Here is an interesting analysis from eMarketer that notes while Search spending is steady, marketers are becoming frustrated with the results. The bellwether of the online marketing arsenal is showing some cracks in the armor. To be honest, this does not surprise me too much. Online users are getting more savvy with regards to online marketing, and search specifically (clicks on banner ads have been in free fall since the first one back on Wired in 1998). In turn, searchers are clicking less on paid results and increasingly looking more towards the “natural” results. They are searching for relevant conversations about whatever it is they are looking for. Further, we are seeing the behaviors of Searchers change over time too. Queries are becoming more complex, more in the form of natural language questions, and we are seeing a big rise in mobile search. Add this together and the result in less “advertisable” Search impressions – paid search is not as effective in matching against such complex queries, and mobile search has less physical space to deliver advertising. With less search impressions, there is less inventory, meaning prices will inherently rise while performance declines. Not a good equation if you are a marketer.

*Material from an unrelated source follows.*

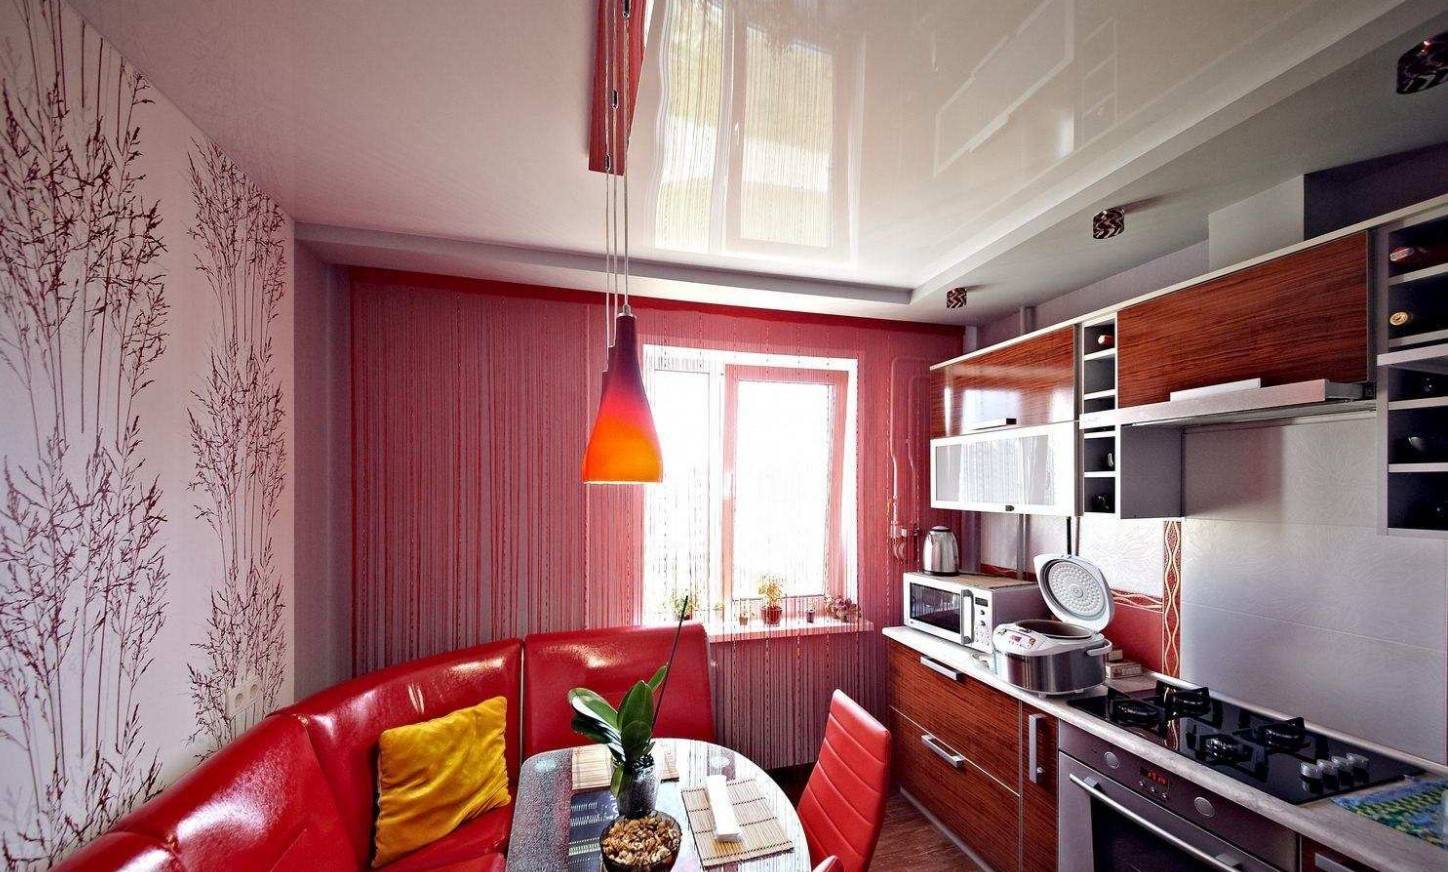 129 реальных фото интерьера кухни 9 кв м + советы дизайнера

But I think this is another element of a much broader movement that is going on. What we are seeing validates the argument that will be outlined in Bob Garfield’s upcoming book The Chaos Scenario, where he outlines the massive changes that are and will be happening in the media world. In part, he argues that while the customers are still out there, they are placing less value in word of the marketers (or institutions) and more value in the advice of other customers:
“They’re still an audience,” he writes, “but they aren’t necessarily listening to you. They’re listening to each other talk about you.
Interesting times, interesting times.